DID THEY SHRINK THE SALAD? I met a friend for lunch at the Suburban Diner, 172 Route 17 north in Paramus, and paid $13.50 for a Greek ...

Sunday, March 12, 2017

The Record's readers hit 'corporate greed' at Gannett, pig-racing news and price hike

This cartoon from Daryl Cagle illustrates President Trump's "impulsive Tweeting," such as accusing Barack Obama "of wire-tapping his phones in a series of tweets that blew back to bite him."


-- HACKENSACK, N.J.

By VICTOR E. SASSON
EDITOR

Long-time readers of The Record continue to express shock, outrage and dismay over changes to their local daily newspaper as Gannett again moves to slash the payroll.

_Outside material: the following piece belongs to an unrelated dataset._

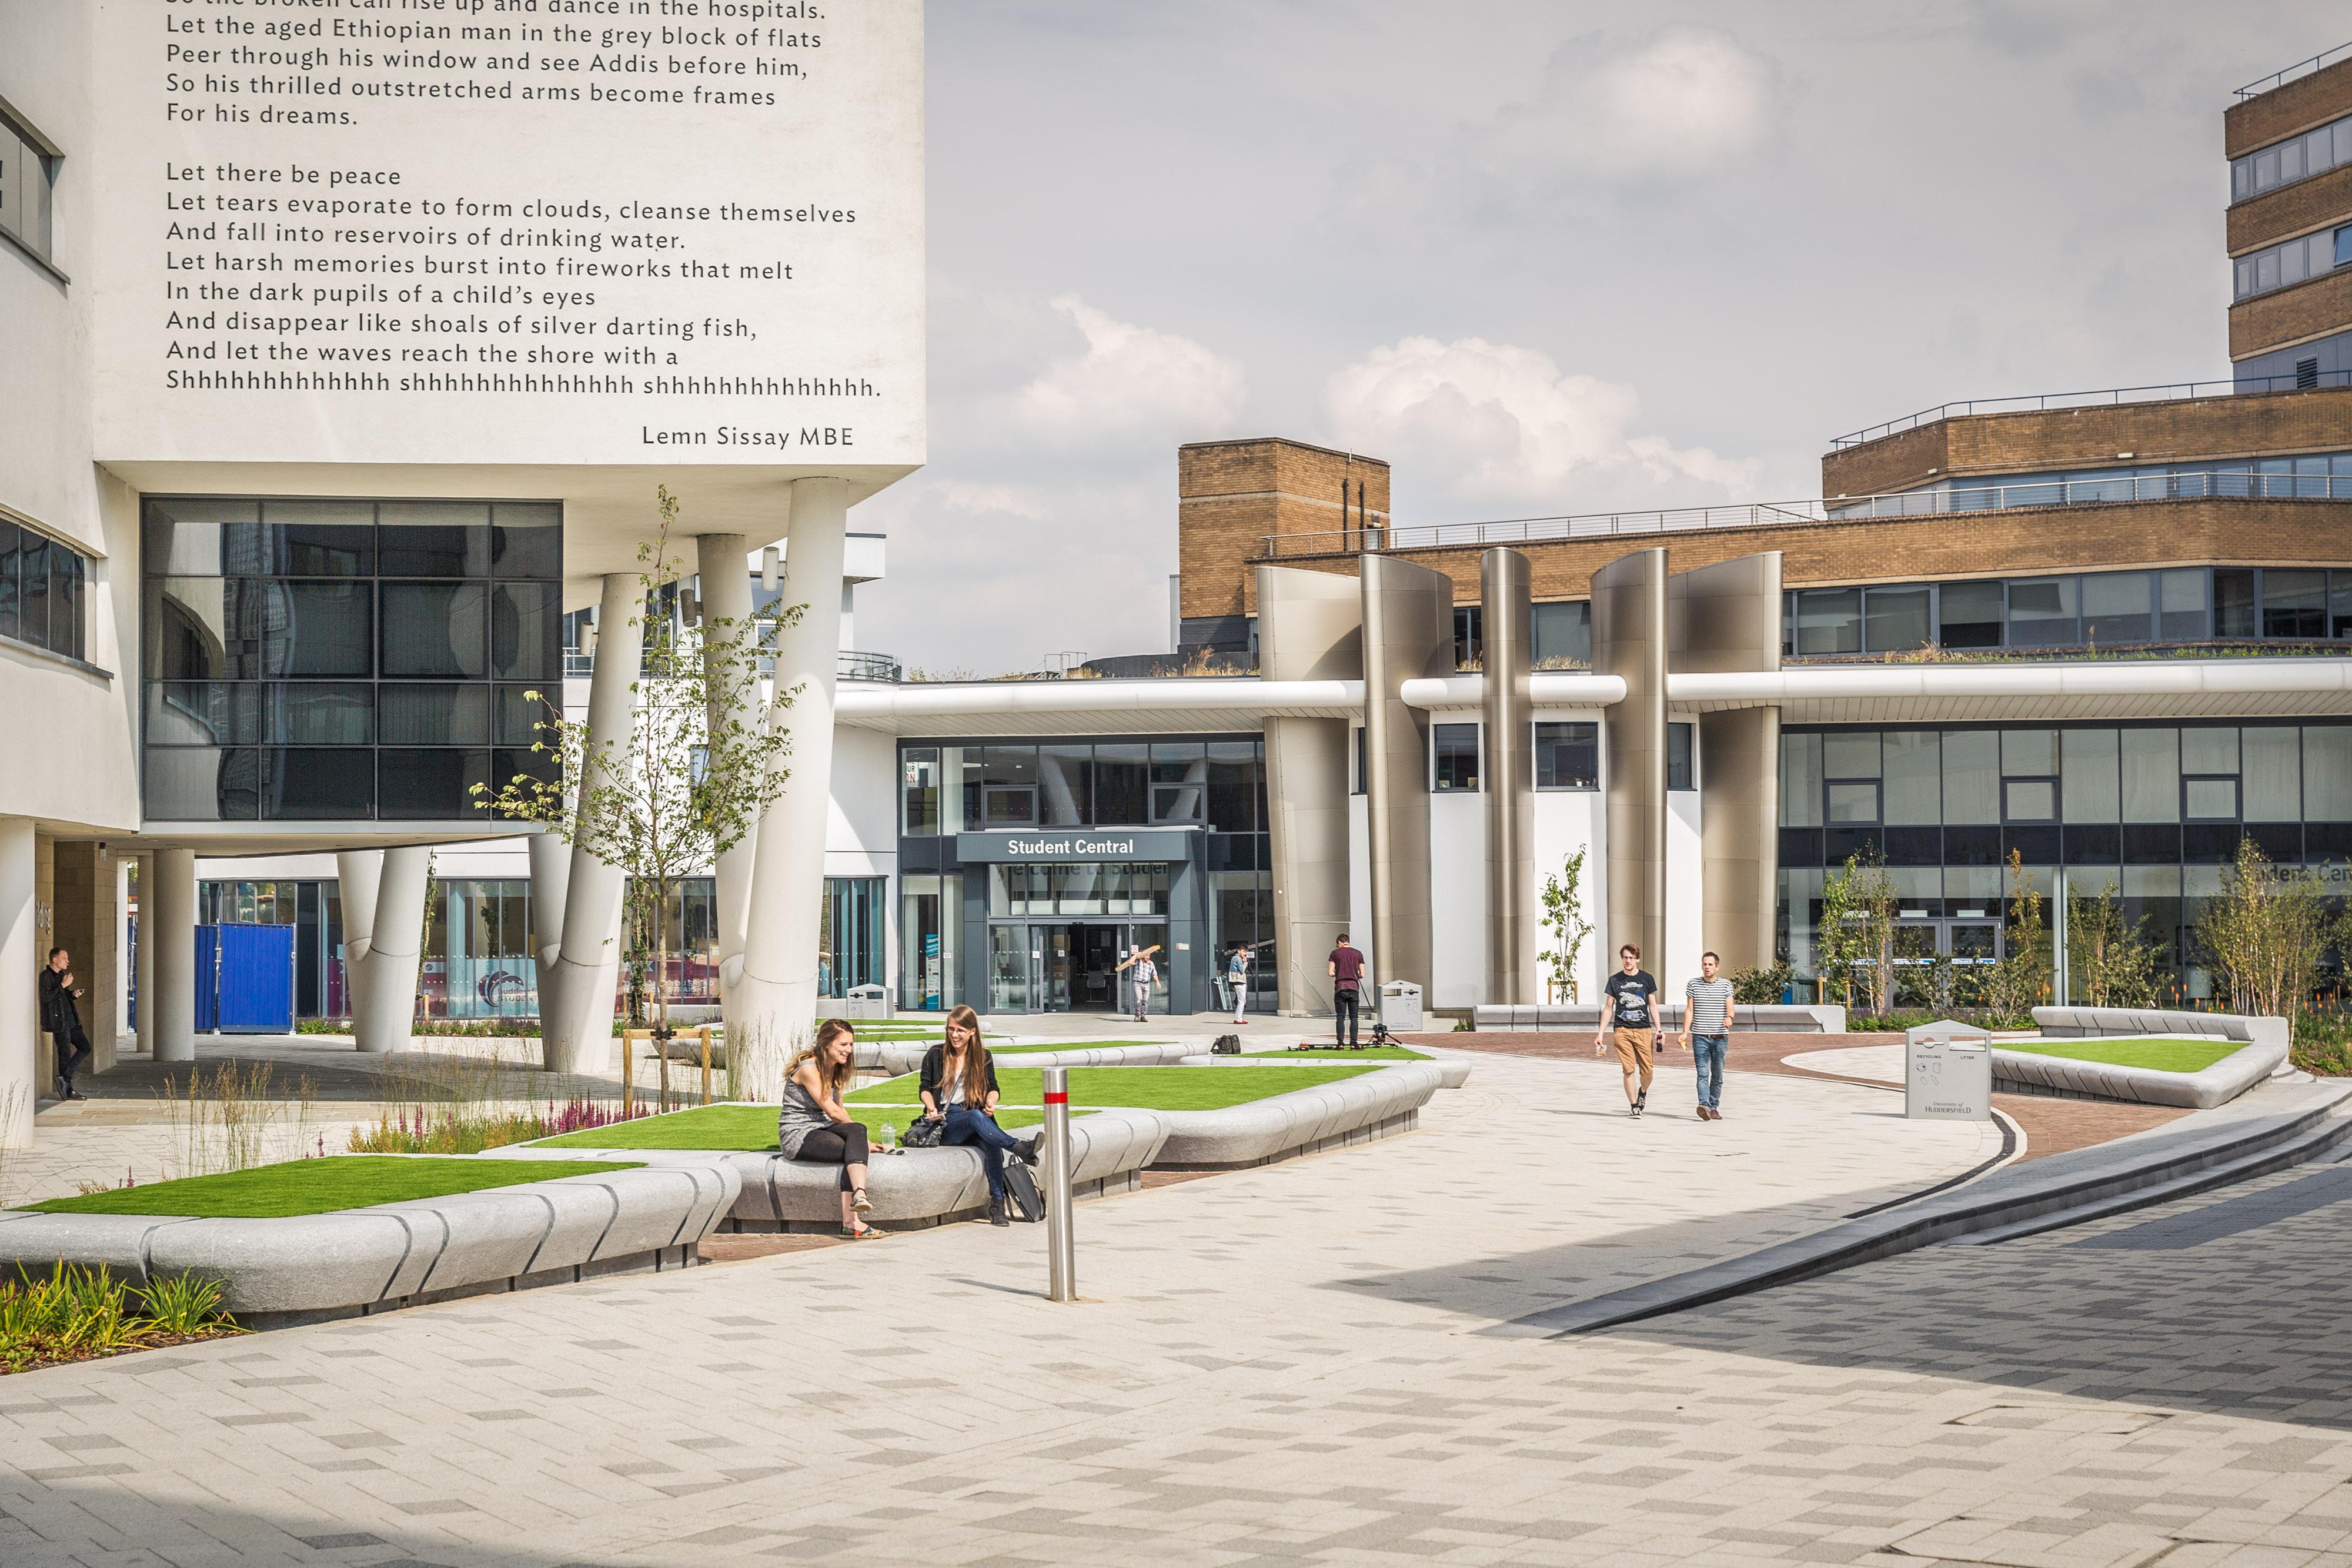 University of Huddersfield landscape

In a review posted on NorthJersey.com's Facebook page, Michael Esposito slams "corporate greed" at what he called a "once legendary paper."

Esposito also includes mention of The Record's "Radio Waves" column, which will end with the March 25 departure of veteran staffer Raymond A. Edel, one of the 141 North Jersey Media Group employees who were given layoff notices at the end of January.

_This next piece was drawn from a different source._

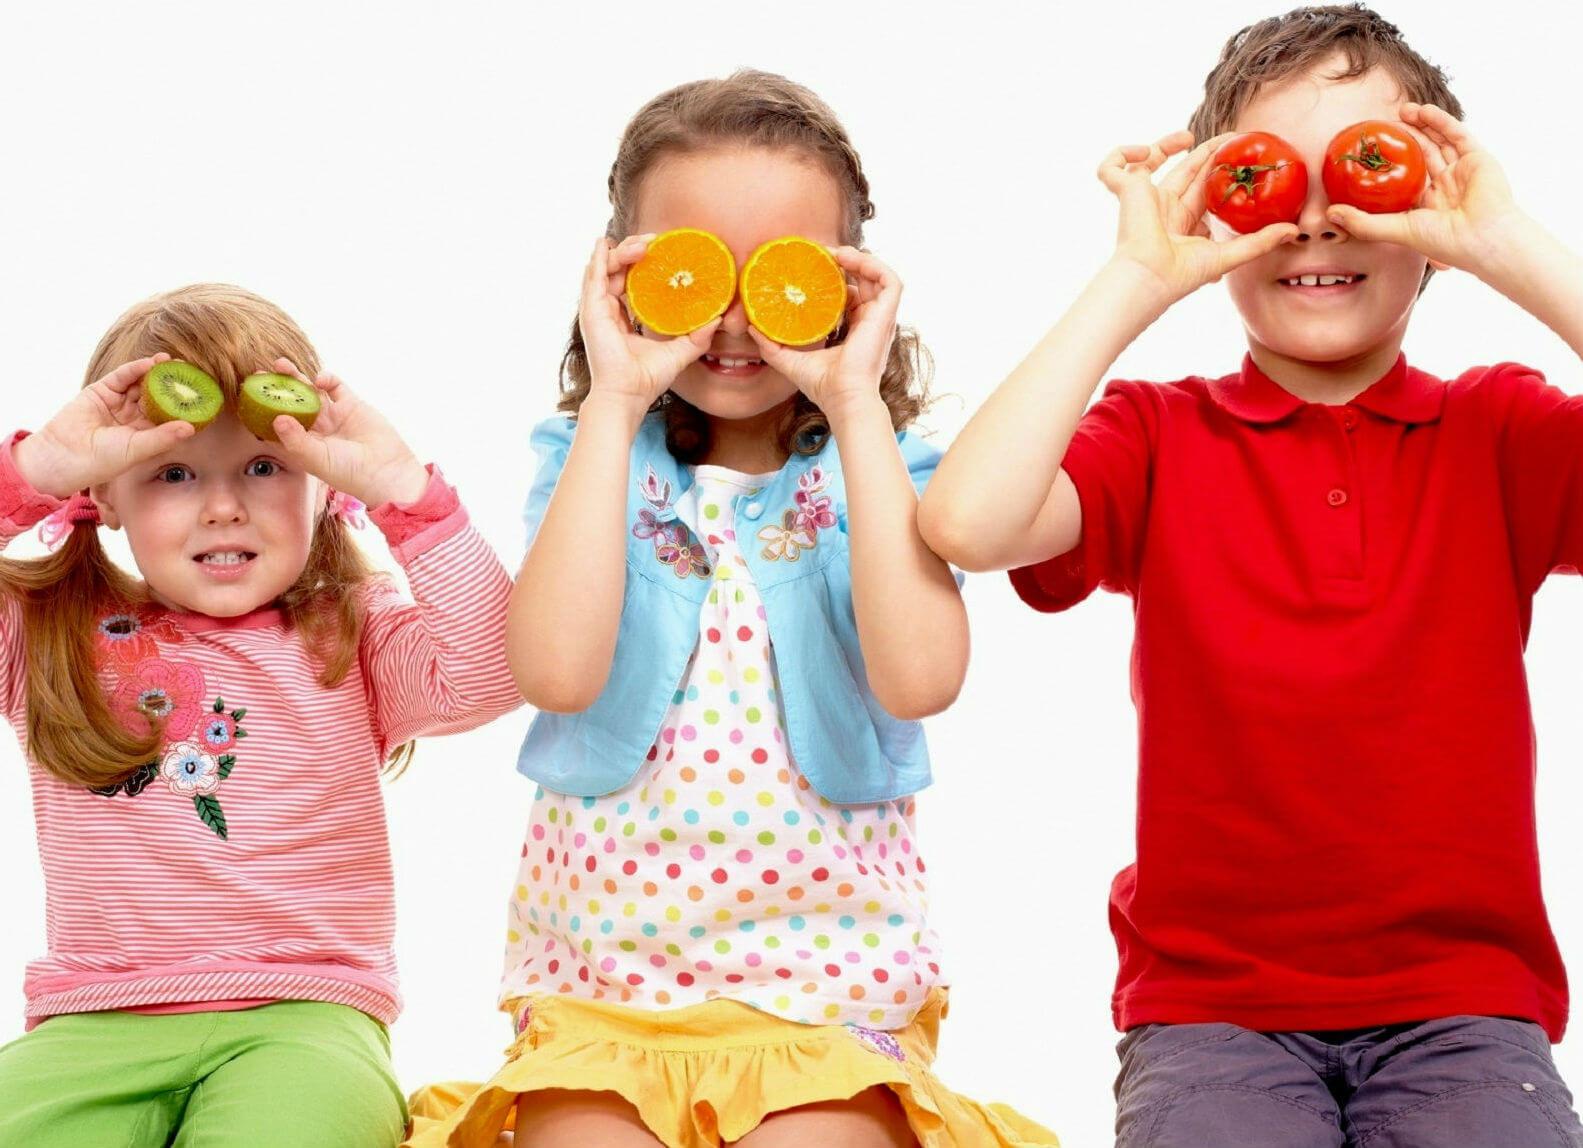 Детский офтальмолог, консультации и показания к ним, как выбрать для ребенка

"Concerning what's going on at The Record:
 "Congratulations Gannett Publishing. If your goal was to gut a once legendary paper and turn it into USA Today Version 2, you're succeeding. And you should be ashamed of yourselves because of it. Corporate greed is king. Or so they think.
"Breaking news from the New York Radio message board: Last of the newspaper radio columns ending.
"Posted by Ken Lamb on March 05, 2017:
"Quick. Name a newspaper still featuring a weekly column on radio. Answer. The Record in Bergen County. The long-time family owned publication was sold to Gannett last July, killing off one of the last independents in this area. And you know what is now happening. Gannett is doing what it does best. Cut, chop, eliminate.
"And one of the victims is 'Radio Waves' by Raymond A. Edel which appeared most every Friday. Yes, it was mostly rehashed releases from public stations where they must still have staff dedicated to writing releases. But I don't want to be too critical of Edel's efforts where now and again he would dig up a good story.
"Now, Edel reports that after 33 years he got a pink slip. He leaves the building on March 25 probably meaning his last column will appear on Friday, March 24. So unless Edel can find a new home, the last of the weekly radio columns is gone!
"Good luck Ray and thanks for all your many years of columns about radio. Hat tip to Ed Salvas who picked up this story from a notation on Edel's Linked In page."

On March 6, Dawn Thumudo-McPartland said she would give The Record the lowest rating possible:
"Wish I could give it 0 stars. This publication has gone downhill quickly! There is little to no news and 90% is advertisement. The news that is in there is drivel and contains no news at all.
"Seriously, an article about a petition to ban pig racing at the Meadowlands when there is so many more important things going on in the county?
"How about the debacle that is Affordable Housing, and maybe an expose about who exactly funds the Fair Share Housing Coalition? Get back to printing real news and not National Enquirer bologna."
Carol de Lyon slammed the substantial hike in the cost of home delivery for a paper as "flimsy" as its parent, USA Today.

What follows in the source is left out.